Task description: Quote verbatim the span of lines that begins the listing below and closes with the line containing "Photo of Beachwoods Resort, Kitty Hawk, NC".

Task inputs:
====================
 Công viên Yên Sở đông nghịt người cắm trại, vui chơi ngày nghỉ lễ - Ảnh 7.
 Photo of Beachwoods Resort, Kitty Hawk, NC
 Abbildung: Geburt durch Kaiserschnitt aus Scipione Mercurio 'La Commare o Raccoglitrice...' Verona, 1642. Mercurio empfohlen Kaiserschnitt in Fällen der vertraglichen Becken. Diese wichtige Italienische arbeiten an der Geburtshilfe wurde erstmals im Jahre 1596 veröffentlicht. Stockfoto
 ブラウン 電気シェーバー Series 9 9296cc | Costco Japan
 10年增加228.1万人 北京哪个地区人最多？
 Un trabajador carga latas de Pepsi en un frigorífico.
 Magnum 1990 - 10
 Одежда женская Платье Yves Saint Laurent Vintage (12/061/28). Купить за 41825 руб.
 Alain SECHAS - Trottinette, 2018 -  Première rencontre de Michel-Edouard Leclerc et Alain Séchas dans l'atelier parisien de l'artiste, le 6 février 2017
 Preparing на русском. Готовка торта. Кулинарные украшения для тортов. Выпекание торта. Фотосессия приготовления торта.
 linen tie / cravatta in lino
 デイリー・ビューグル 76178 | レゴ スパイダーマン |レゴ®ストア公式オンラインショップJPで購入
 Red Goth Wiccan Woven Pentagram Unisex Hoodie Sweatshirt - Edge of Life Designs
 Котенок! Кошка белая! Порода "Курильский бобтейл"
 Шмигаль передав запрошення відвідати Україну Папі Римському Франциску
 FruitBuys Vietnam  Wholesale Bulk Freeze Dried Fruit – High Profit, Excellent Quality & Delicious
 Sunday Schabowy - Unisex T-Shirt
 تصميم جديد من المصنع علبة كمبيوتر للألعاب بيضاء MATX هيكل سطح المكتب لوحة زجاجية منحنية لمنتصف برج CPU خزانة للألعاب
====================
Reply:
 Công viên Yên Sở đông nghịt người cắm trại, vui chơi ngày nghỉ lễ - Ảnh 7.
 Photo of Beachwoods Resort, Kitty Hawk, NC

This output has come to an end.